Re: Magic Flight: A New Public Key Algorithm stronger? than factoring

From: Bryan Olson (fakeaddress_at_nowhere.org)
Date: 07/08/03 

Date: Tue, 08 Jul 2003 21:06:55 GMT

Jim Steuert wrote:
>
> Francois Grieu wrote:
>
>> Knowing M and alices_public, by Gaussian elimination or some
>> faster method, it is easy to find one of the (possibly several)
>> alices_secret that match this equation.
>
> Gaussian elimination requires that values have
> multiplicative inverses. The basic operation is row-reduction - some
> constant times one row added to the other row makes zero.
>
> k*(4 x x x x . . . .)
> +(2 y y y y . . . .)
> => (0 z z z z . . . .)
>
> My problem is that k*4 is not "ever" equal to 2.
> If values all had inverses this would be easy.
> Just form k = -(4^-1)*2, and you're done.

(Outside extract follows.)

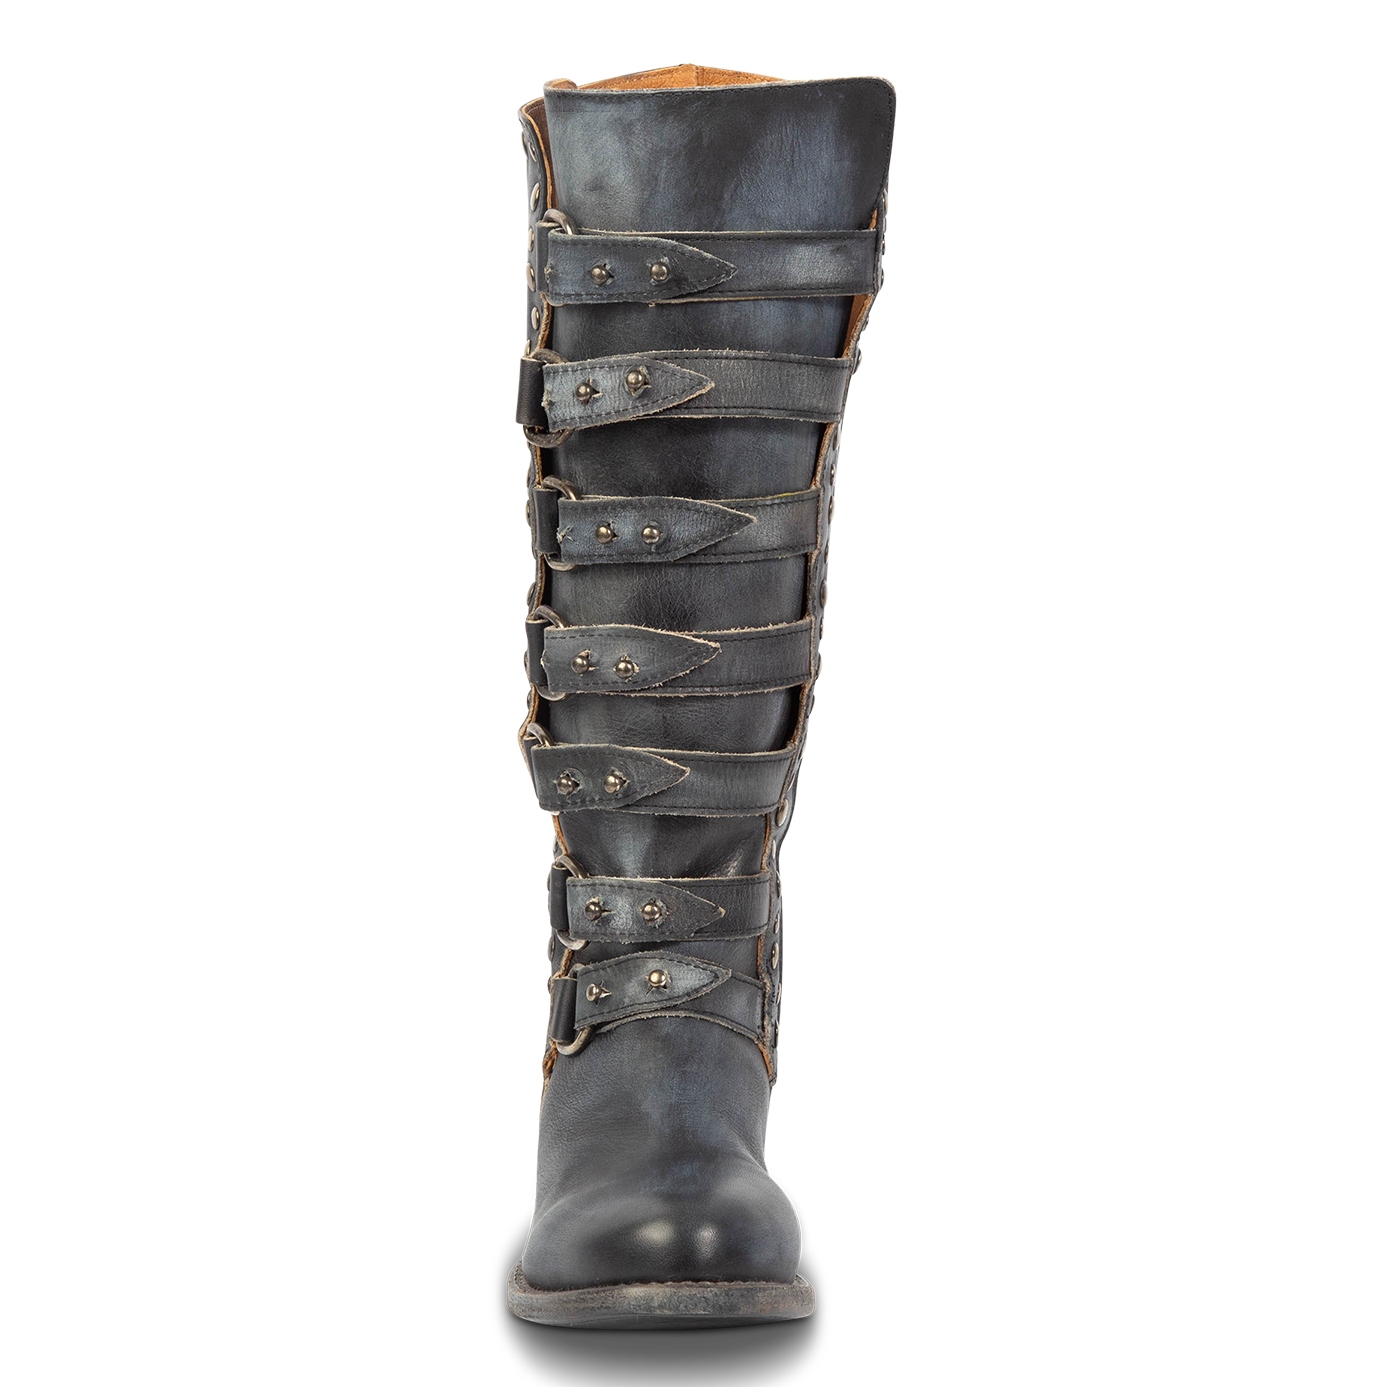 Front view showing FREEBIRD women's Rory navy leather boot with leather straps stacking up the front shaft and round toe

No problem: use the row beginning with '2' as the pivot. For
mod 2^n arithmetic in general, use a term where the number of
factors of 2 is minimal.

> In the tabular commutative ring example
[...]
> If it could always be reordered so that
> the values with inverses are done first, but then the problem
> remains with the other rows... Re-ordering schemes could end
> up in circular loops.

Upper-triangular form is fine, and you never have to
un-re-order.

Note that re-ordering doesn't always work. For example, if we're
working mod-15, we might get to a column:

     3, ...
     5, ...
     9, ...
    10, ...

None of the terms divides all the others. Still not a problem:
we simply add the second row into the first to get a pivot with
an inverse. It might be an interesting exercise to prove or
disprove that for any (commutative) ring, there's always a
linear combination of rows that provides a pivot. 

-- 
--Bryan